Injuries to the anterior cruciate ligament are extremely common. Over 100,000 anterior cruciate ligament reconstructions are performed in the United States each year. Traditional anterior cruciate ligament reconstruction has reconstructed the anterior cruciate ligament anteromedial bundle. Recently there has been increased interest in anatomic reconstruction of the anterior cruciate ligament. It has been long known that the anterior cruciate ligament is comprised of two functional bundles [11, 25, 29]. Over 30 years ago Girgis et al. [11] demonstrated the differential tension in the separate portions of the anterior cruciate ligament during knee flexion and extension. These authors found that the entire anterior cruciate ligament is taught in knee extension and only the anteromedial portion was taught with knee flexion [11]. Norwood and Cross [29] later described the importance of the anteromedial bundle in resistance of anterior tibial translation and the posterolateral bundle in rotatory stability of the knee. Various biomechanical studies have also characterized the different roles of the two functional bundles with respect to knee kinematics [4, 23, 38, 39]. Based in part on this biomechanical data, some authors have recently recommended anatomic reconstruction of both the anterior cruciate ligament anteromedial and posterolateral bundles.

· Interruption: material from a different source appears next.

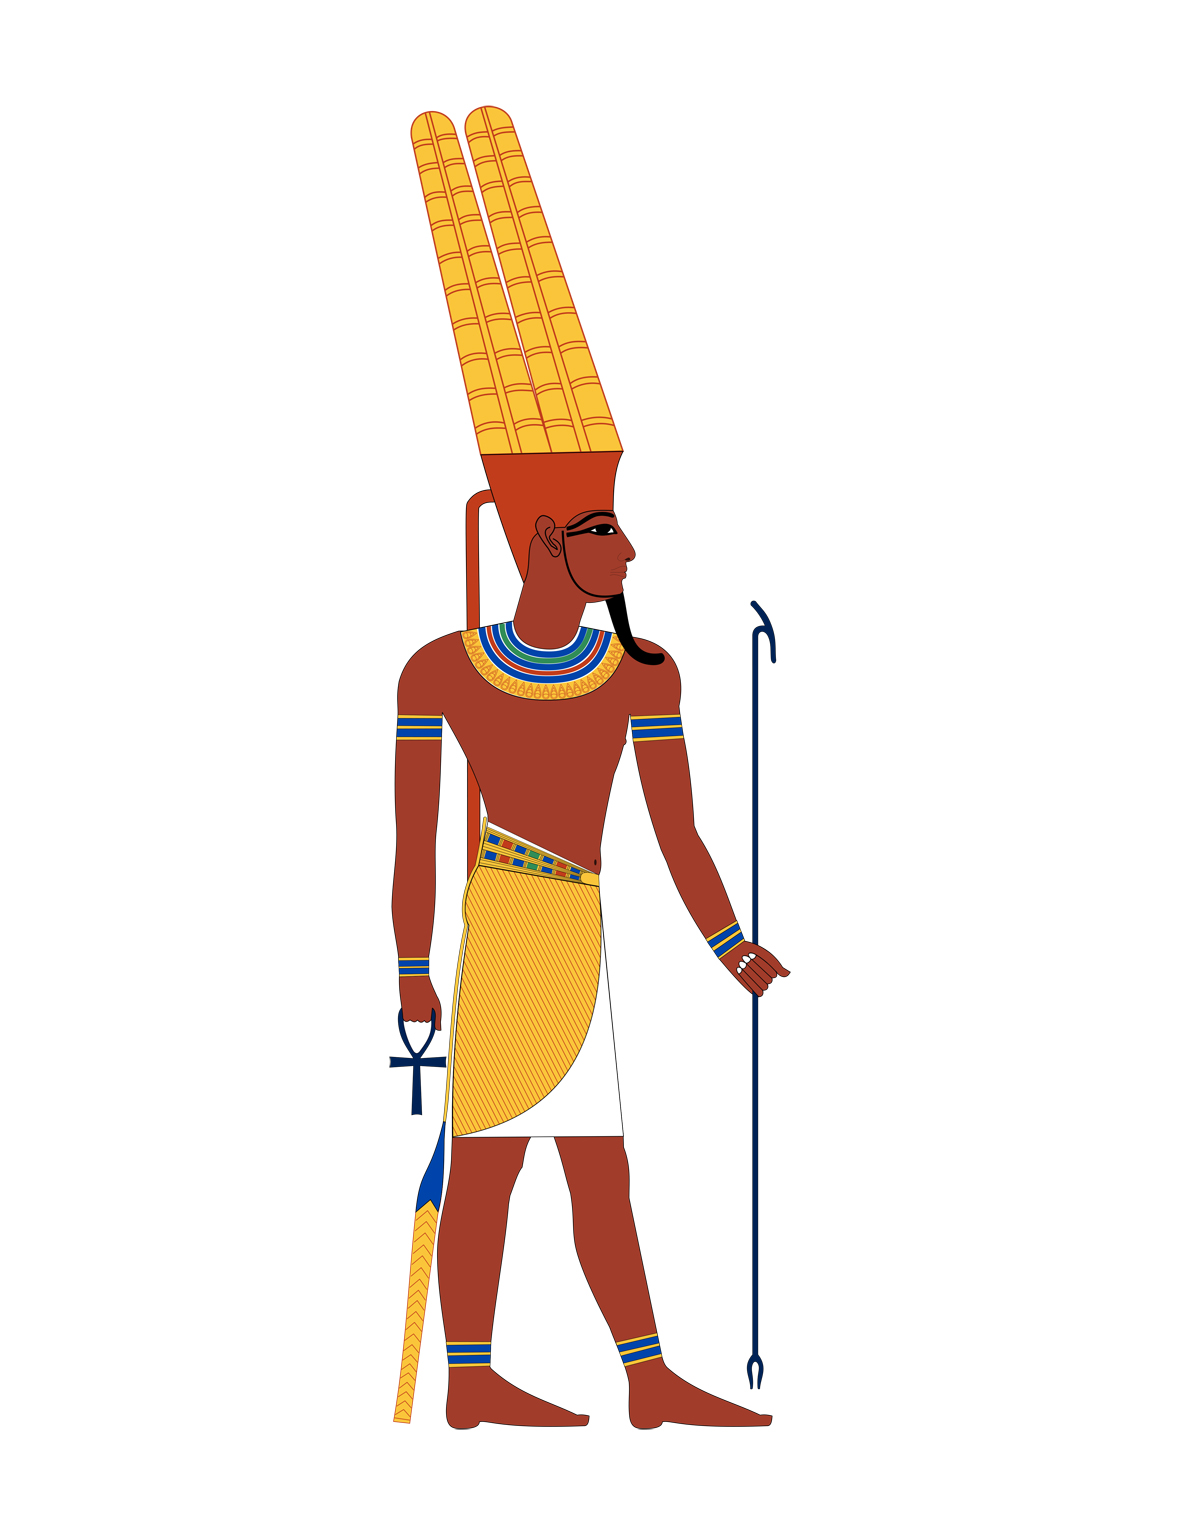 Amon gods. Бог Амон в древнем Египте. Бог Амон ра в древнем Египте. Египетская мифология Бог Амон. Бог солнца в Египте Амон.

Due to the recent surge in interest in anatomic reconstruction of the anterior cruciate ligament many studies have been published describing the anatomy of the anterior cruciate ligament functional bundles as well as the topographical anatomy of its femoral attachment along the lateral wall of the intercondylar notch [6, 8, 9, 20, 25, 32, 33]. The radiographic anatomy of the femoral attachment site has also been well described [5, 7]. A better understanding of the three dimensional anatomy of the anterior cruciate ligament femoral attachment has led to more lateral positioning on the lateral wall of the intercondylar notch. Furthermore, multiple authors have demonstrated the vertical, non-anatomic tunnel placement less effectively restores the rotational stability of the knee [19, 21]. Loh et al. [21] demonstrated biomechanically that grafts placed more laterally at the “10 o’clock” position more effectively resisted rotatory loads when compared to grafts placed at the “11 o’clock” position. Clinical observations by Lee et al. [19] found that vertical tunnel positioning resulted in a residual pivot shift on physical examination. These studies further illustrate the importance of more lateral femoral tunnel placement.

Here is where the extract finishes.